TASK DIRECTIONS. Could you copy exactly the lines below, beginning at the line with "Episode 15 - Fadli Mohamed Sanie's show" and stopping after the line with "Smashbox | Smashbox", with no pictures?

RECORDS TO USE.
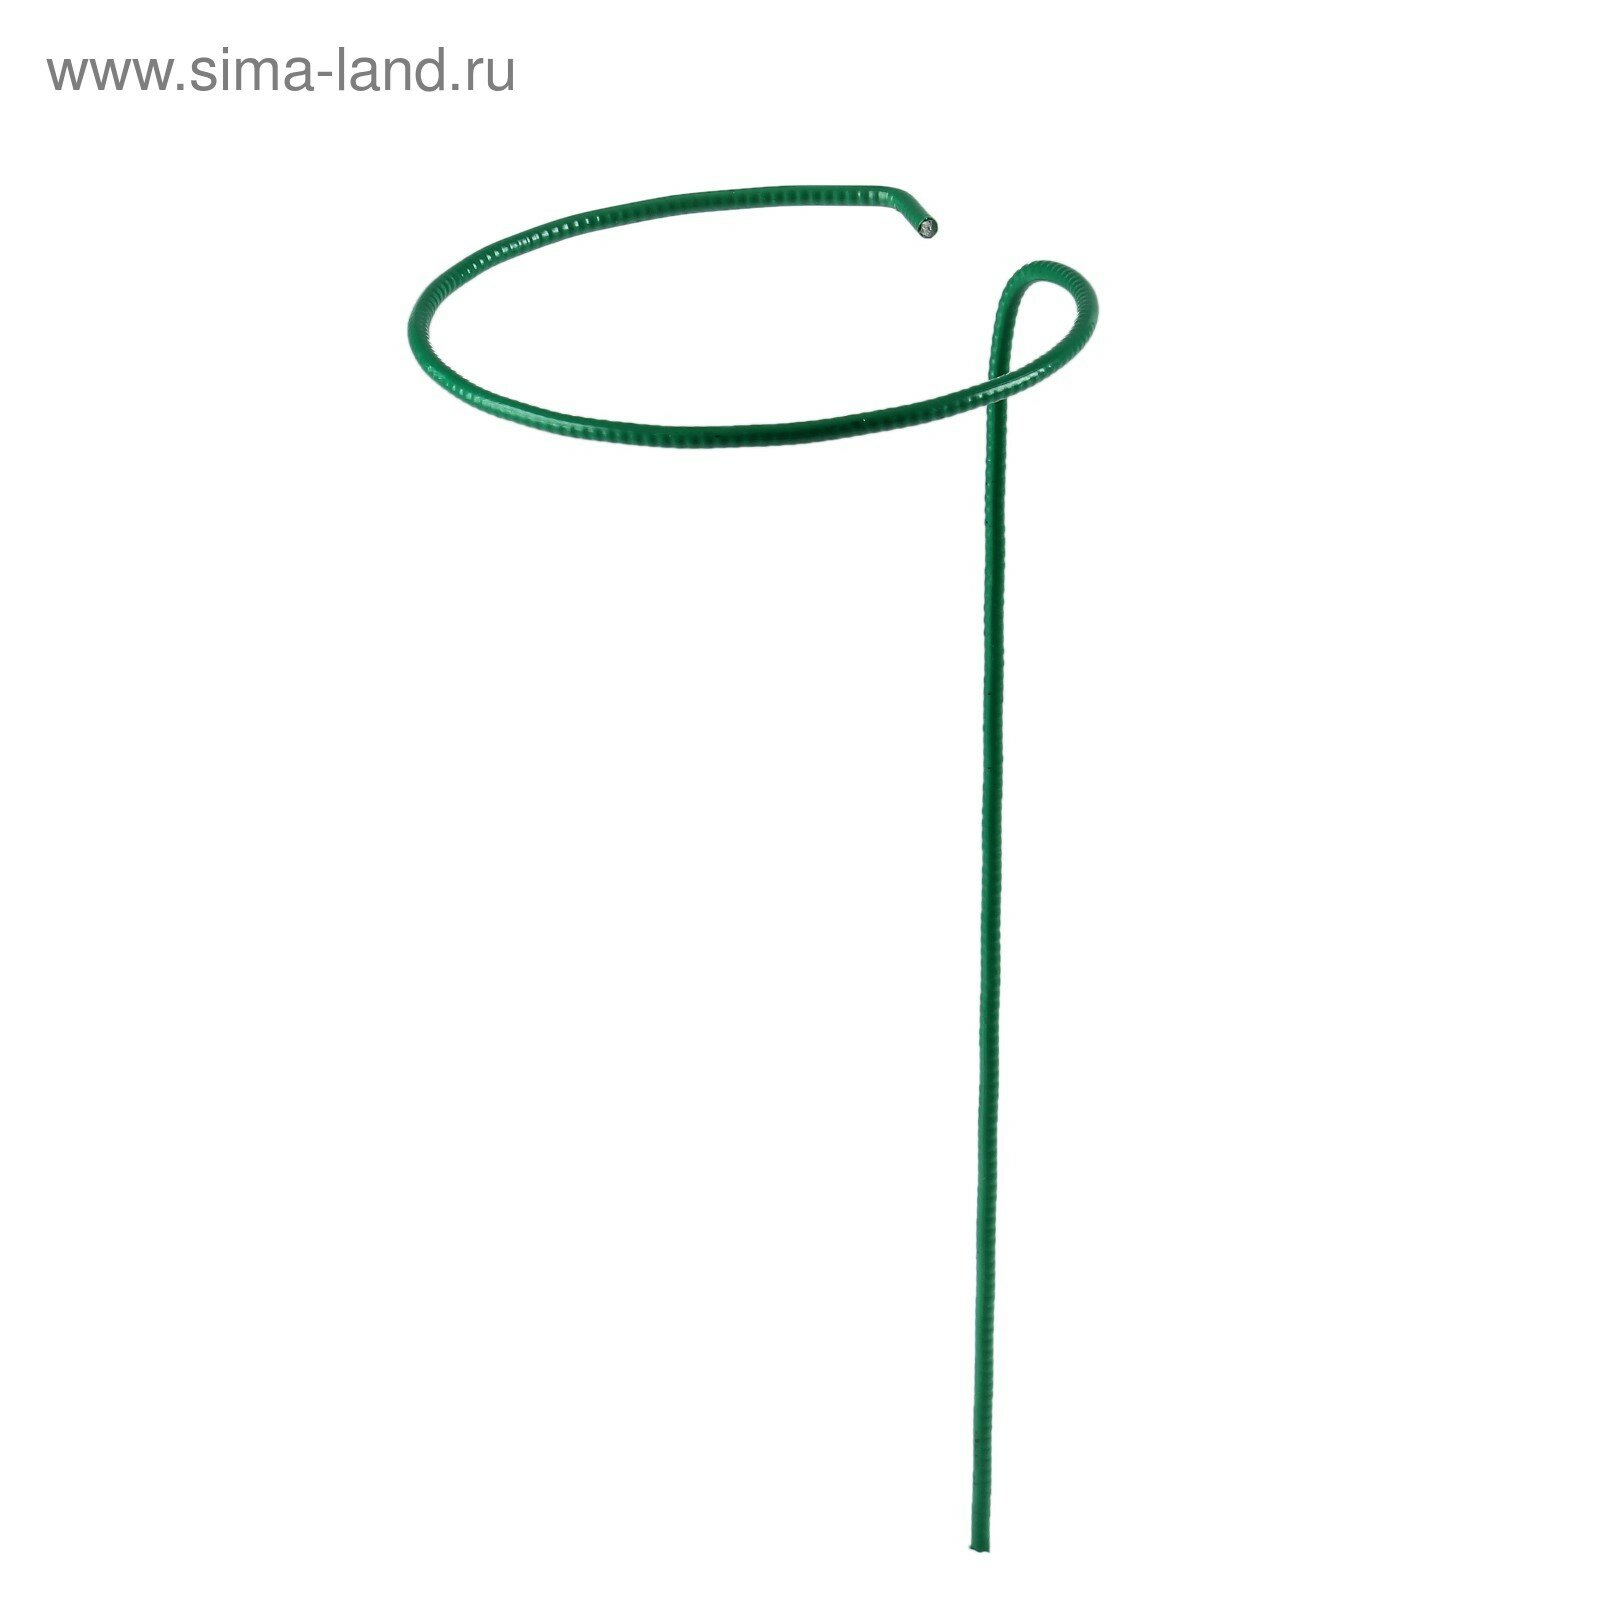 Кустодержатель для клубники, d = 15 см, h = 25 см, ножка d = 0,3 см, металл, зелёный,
==
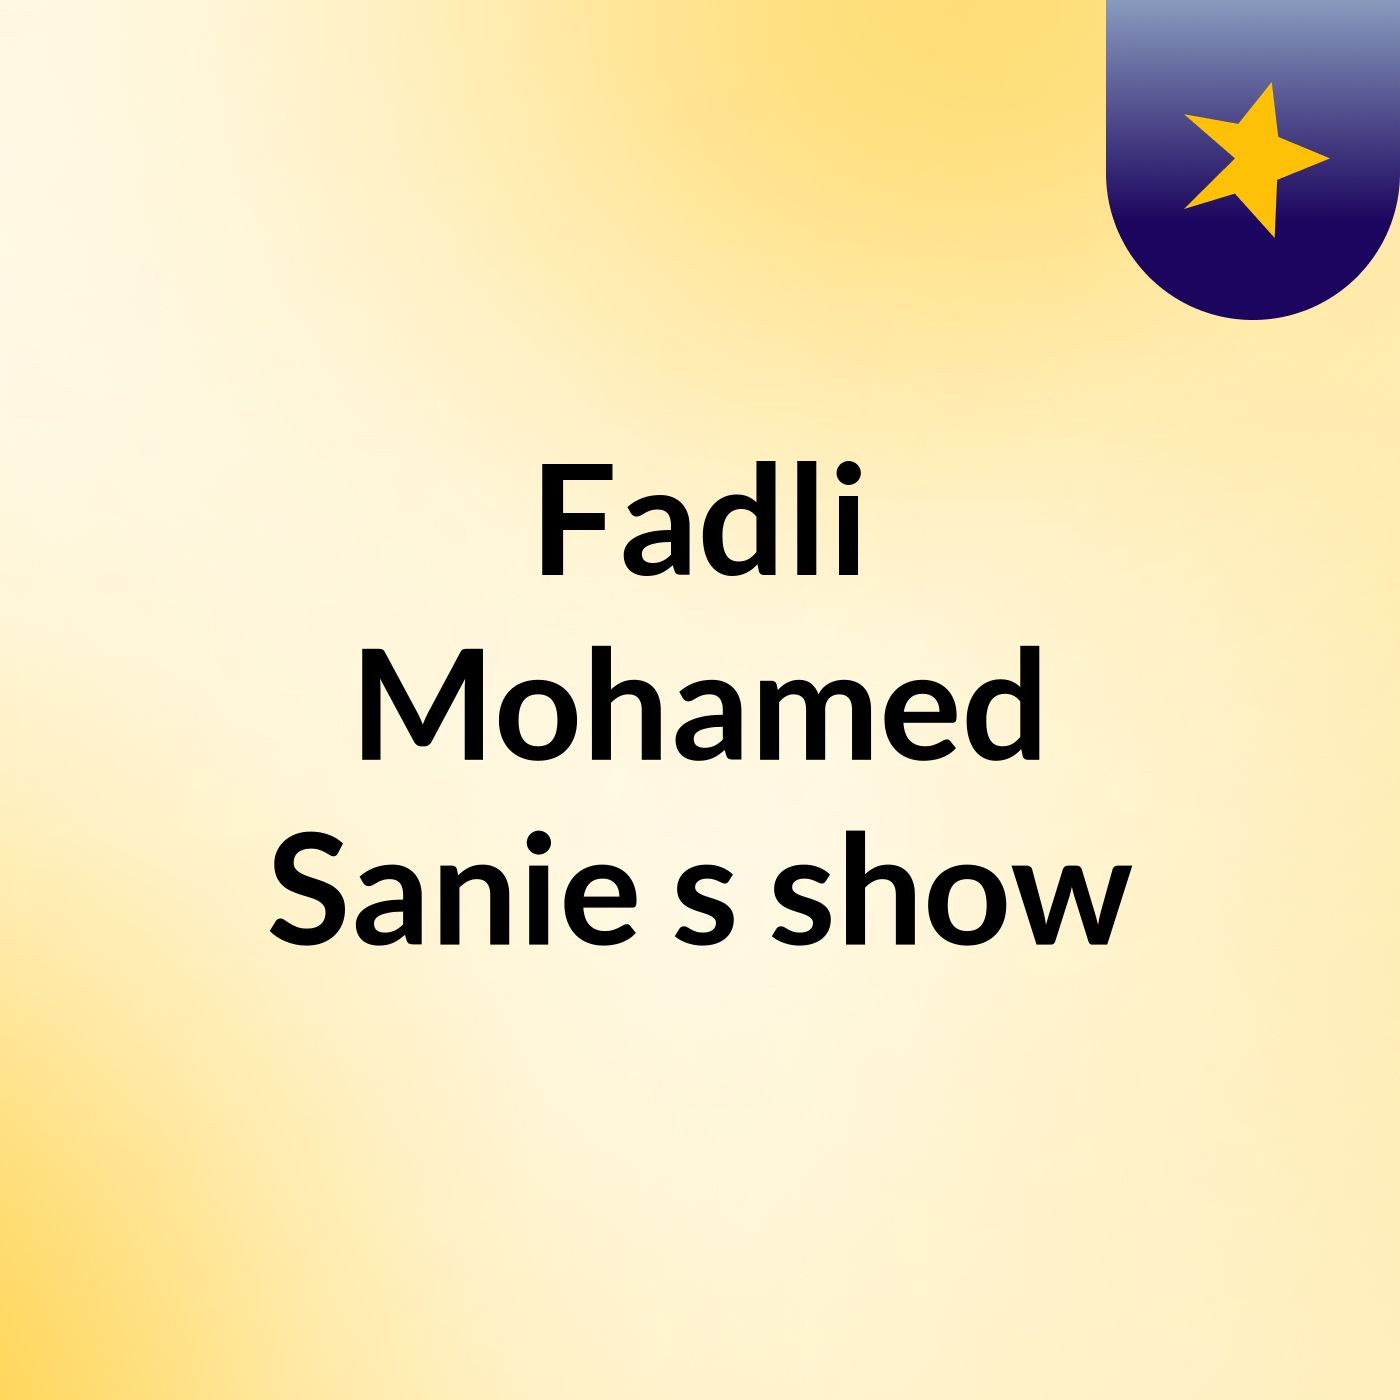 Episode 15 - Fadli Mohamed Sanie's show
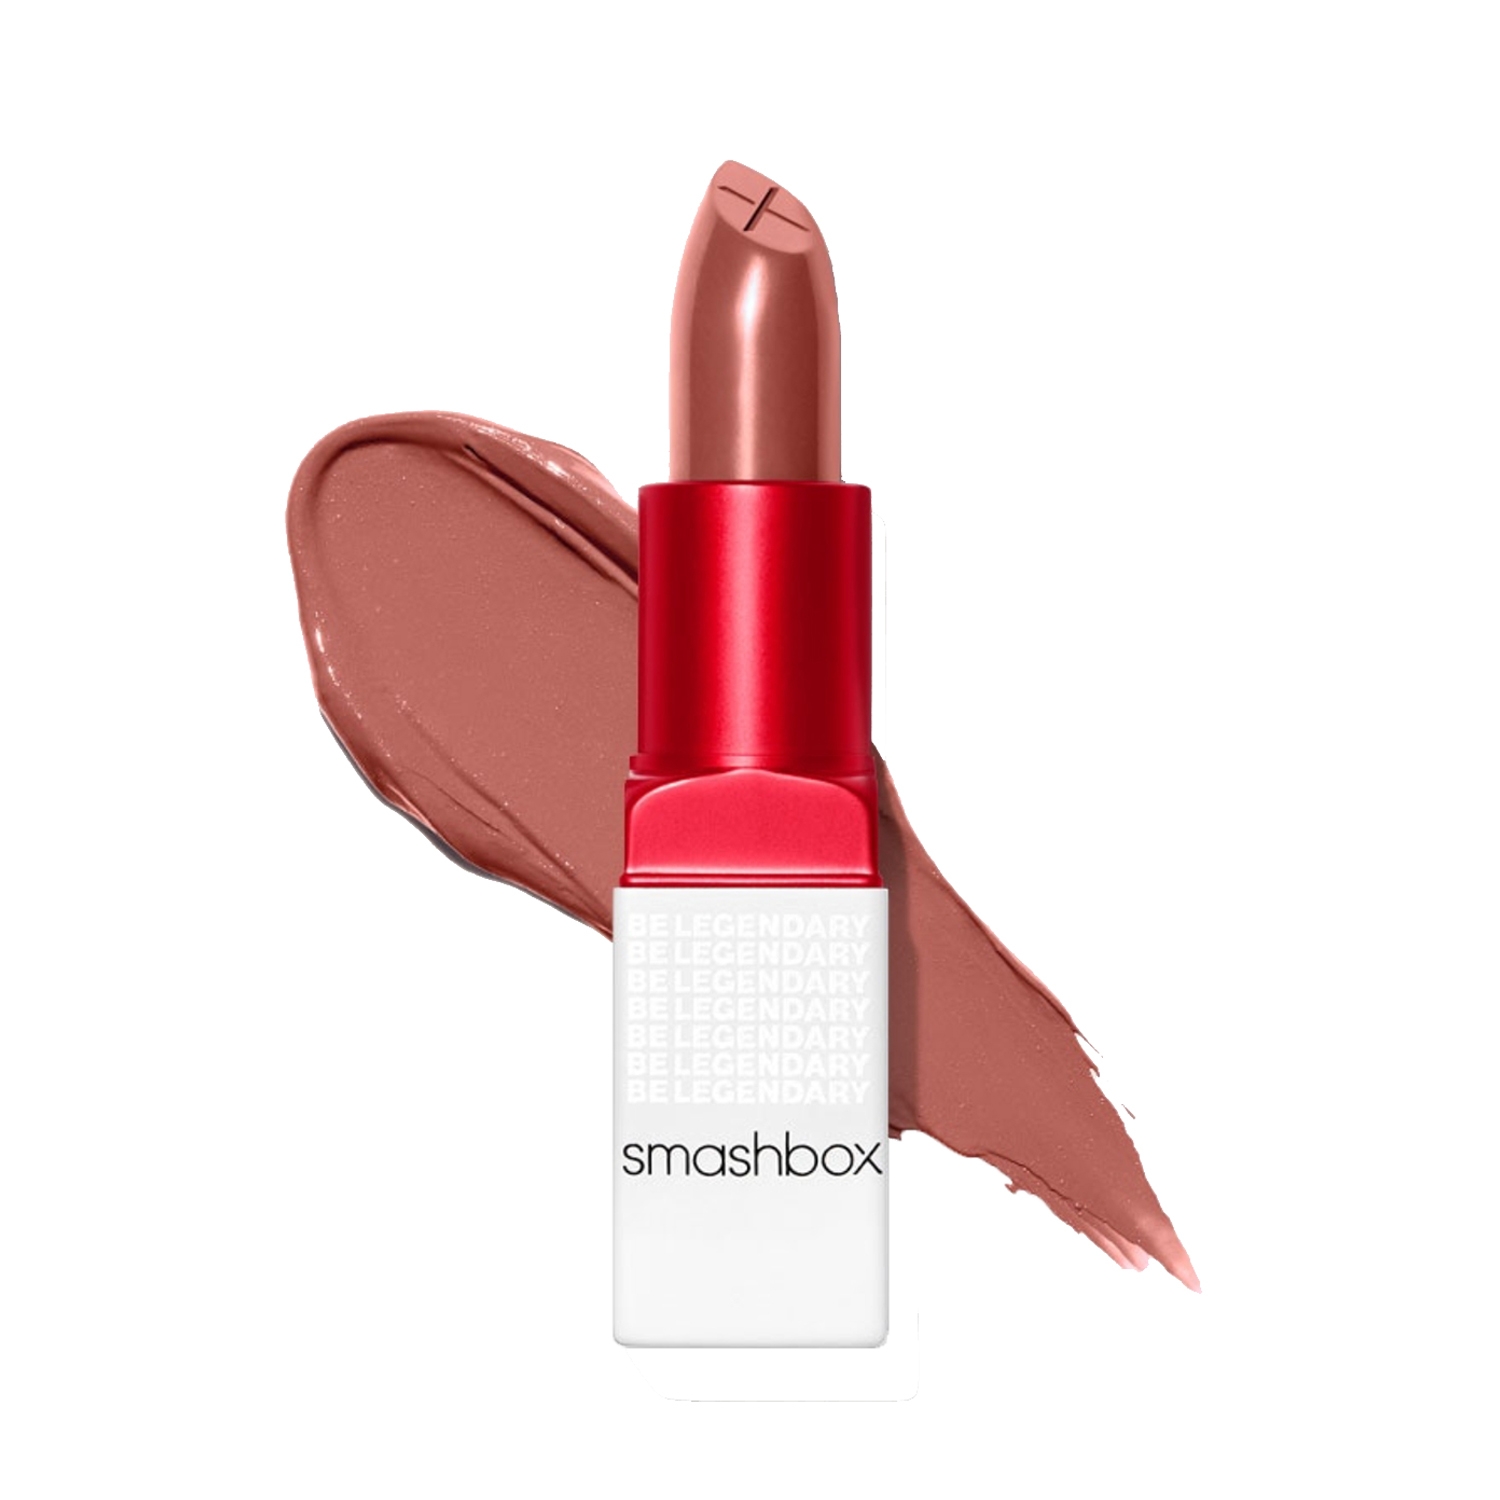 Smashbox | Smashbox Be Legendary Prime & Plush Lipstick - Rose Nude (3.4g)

ANSWER SPACE.
 Episode 15 - Fadli Mohamed Sanie's show
 Smashbox | Smashbox Be Legendary Prime & Plush Lipstick - Rose Nude (3.4g)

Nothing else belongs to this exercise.